1. Field of the Invention
The invention relates to power supplies, more particularly to a half-bridge self-exciting switching power supply with an over-voltage cut-off capability.
2. Description of the Related Art
Referring to FIG. 1, a conventional half-bridge self-exciting switching power supply is shown to comprise a rectifier circuit 1, a pulse-width-modulated inverter 2 and a power transformer unit 3. The rectifier circuit 1 includes a bridge rectifier (BD1) and capacitor filters (C1, C2). The pulse-width-modulated inverter 2 includes a half-bridge self-excited circuit 20, a pulse-width-modulated (PWM) controller 21 and a driving unit 22. The half-bridge self-excited circuit 20 is connected to the rectifier circuit 1 and includes a first self-excited switching circuit with a first transistor (Q1), and a second self-excited switching circuit with a second transistor (Q2). The driving unit 22 includes a driving transformer (T2) coupled to the first and second self-excited switching circuits of the half-bridge self-excited circuit 20, and first and second driving transistors (Q3, Q4). The power transformer unit 3 includes an isolation transformer (T1) coupled to the driving unit 22 and connected to the rectifier circuit 1. The isolation transformer (T1) provides two output voltages which are rectified and filtered by rectifier and filter circuits (not shown) to obtain two dc power supply outputs, namely +5V and +12V. The PWM controller 21 includes a voltage feedback circuit 210 which receives the dc power supply outputs, and a pulse-width-modulating unit (IC1), such as the 7500 or TL494 integrated circuit by Samsung. The pulse-width-modulating unit (IC1) is connected to the voltage feedback circuit 210 and the driving unit 22.

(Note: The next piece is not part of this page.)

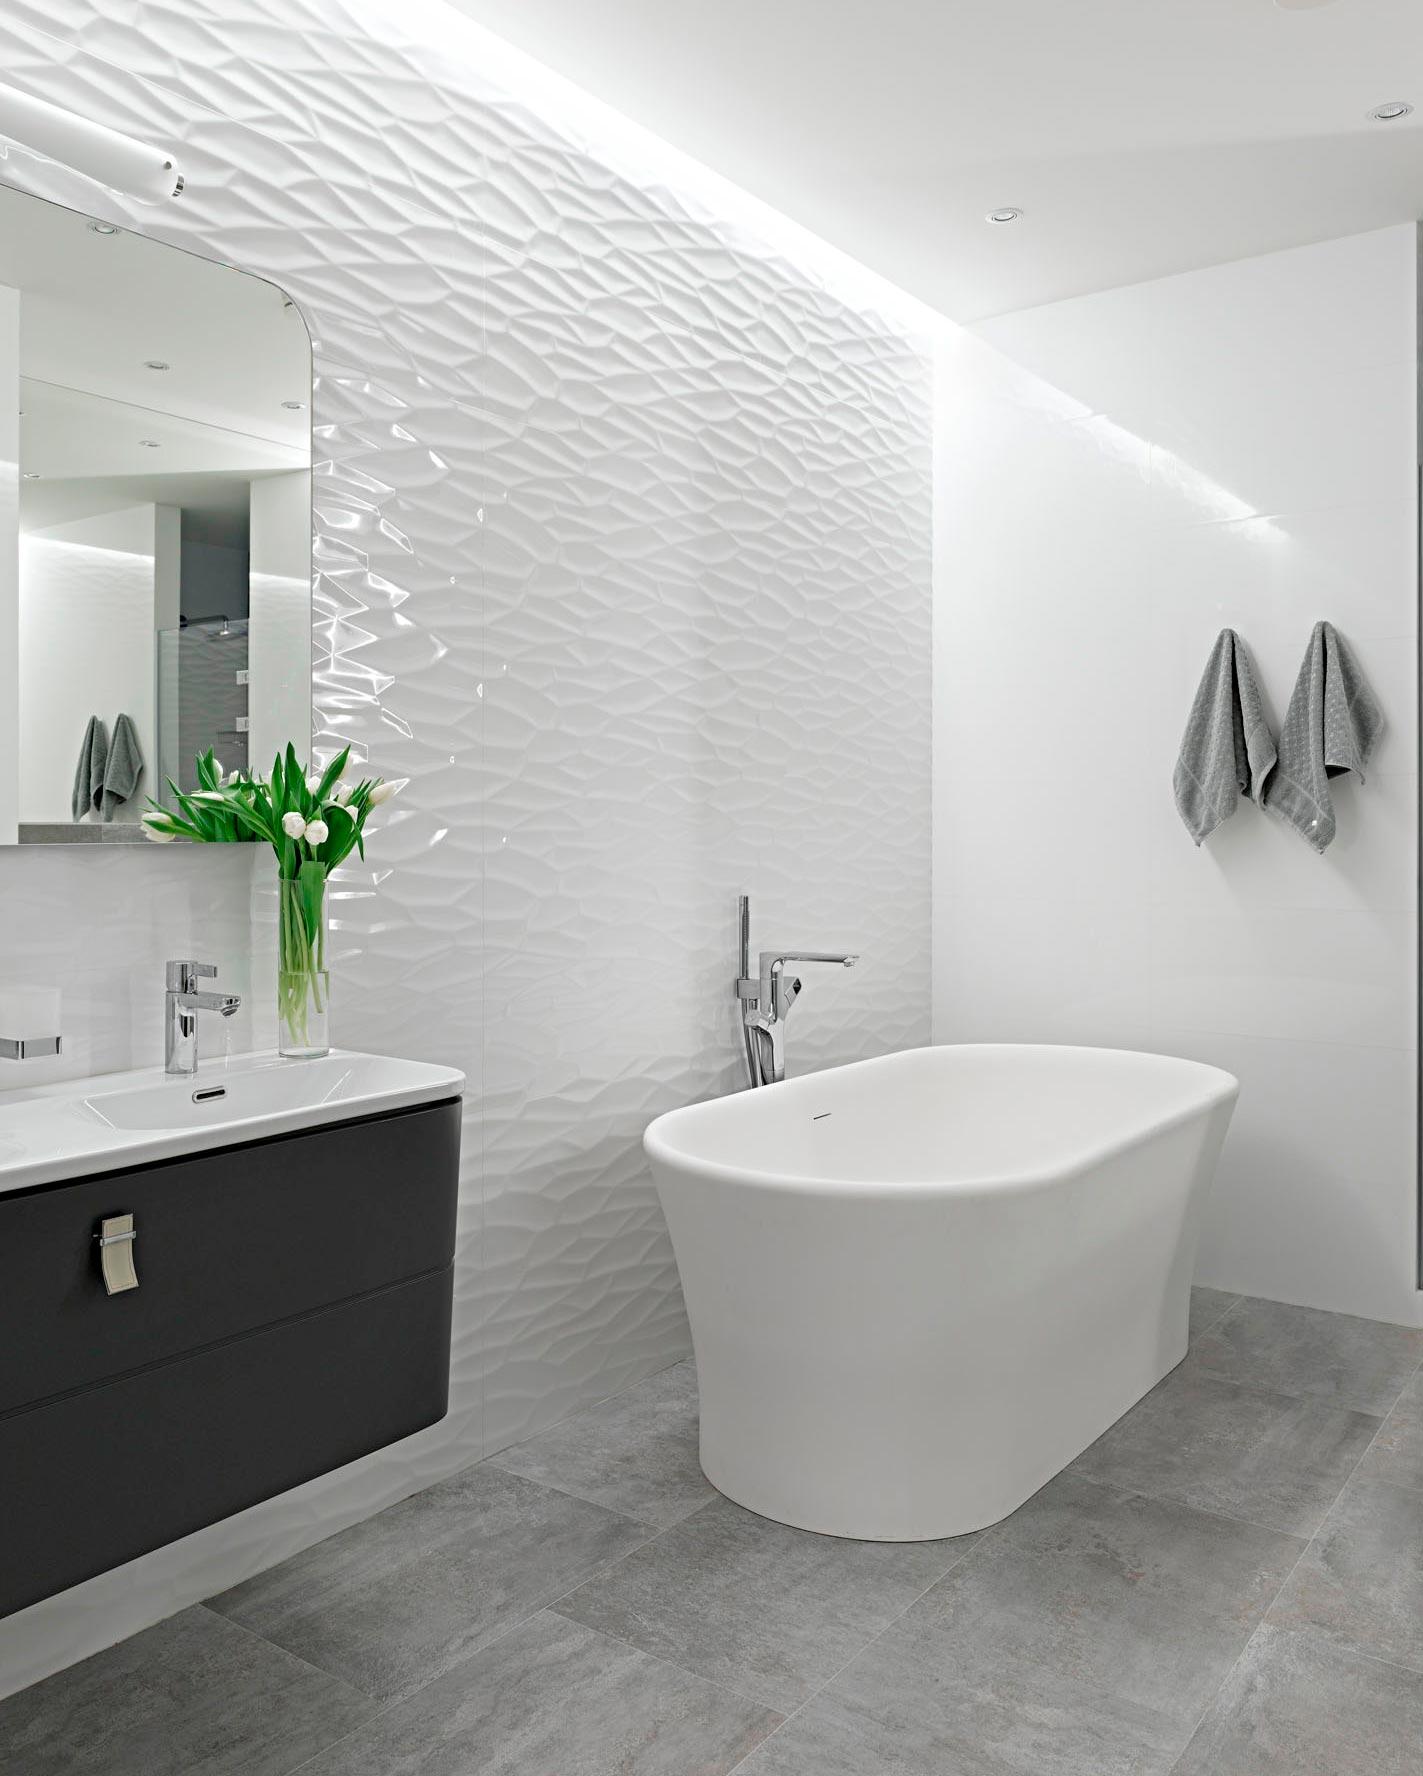 Много плиток белого цвета в ванной это плохо 3

In operation, a 230V/110V ac line voltage input is processed by the bridge rectifier (BD1) of the rectifier circuit 1 before being filtered by the capacitor filters (C1, C2) in order to generate a higher voltage rectified dc signal, e.g. 300 volts, which is supplied to the half-bridge self-excited circuit 20 of the pulse-width-modulated inverter 2. Upon biasing, the first transistor (Q1) of the first self-excited switching circuit of the half-bridge self-excited circuit 20 conducts, thereby generating a current (I1) in the first self-excited switching circuit for energizing the driving transformer (T2) of the driving unit 22. Upon saturation of the first transistor (Q1), the first self-excited switching circuit is cut-off, and the second transistor (Q2) of the second self-excited switching circuit of the half-bridge self-excited circuit 20 is biased into conduction, thereby generating a current (I2) in the second self-excited switching circuit for continued energizing of the driving transformer (T2). The second self-excited switching circuit is cut-off when the second transistor (Q2) becomes saturated. The alternating conduction of the first and second self-excited switching circuits is referred to as a half-bridge self-exciting operation. Energizing of the driving transformer (T2) by the currents (I1, I2) of the first and second self-excited switching circuits enables the power transformer unit 3 to provide the +5V and +12V dc power supply outputs.
The voltage feedback circuit 210 of the PWM controller 21 provides the dc power supply outputs to the pulse-width-modulating unit (IC1). Upon comparing the dc power supply outputs with reference voltage values, the pulse-width-modulating unit (IC1) generates pulse drive signals for the first and second driving transistors (Q3, Q4) of the driving unit 22, thereby controlling the on-off ratios of the first and second self-excited switching circuits of the half-bridge self-excited circuit 20.
It can be understood from the foregoing that the conventional half-bridge self-exciting switching power supply relies primarily on the PWM controller 21 and the driving unit 22 to prevent over-voltage of the power supply outputs. However, if the PWM controller 21 or the driving unit 22 becomes defective, the self-exciting operation of the first and second self-excited switching circuits will go on uninterrupted. This is possible when the pulse-width-modulating unit (IC1) is unable to compare the dc power supply outputs with the reference voltage values, or when one of the first and second driving transistors (Q3, Q4) or the driving transformer (T2) is damaged. Uninterrupted self-exciting operation of the first and second self-excited switching circuits will result in the dc power supply outputs exceeding the required +5V and +12V values, thereby damaging the load (not shown) that is connected to the switching power supply. This is best illustrated in FIG. 2. After the power supply output peaks at (A), the power supply output then decreases due to internal damage of the switching power supply, as shown at (B) in FIG. 2.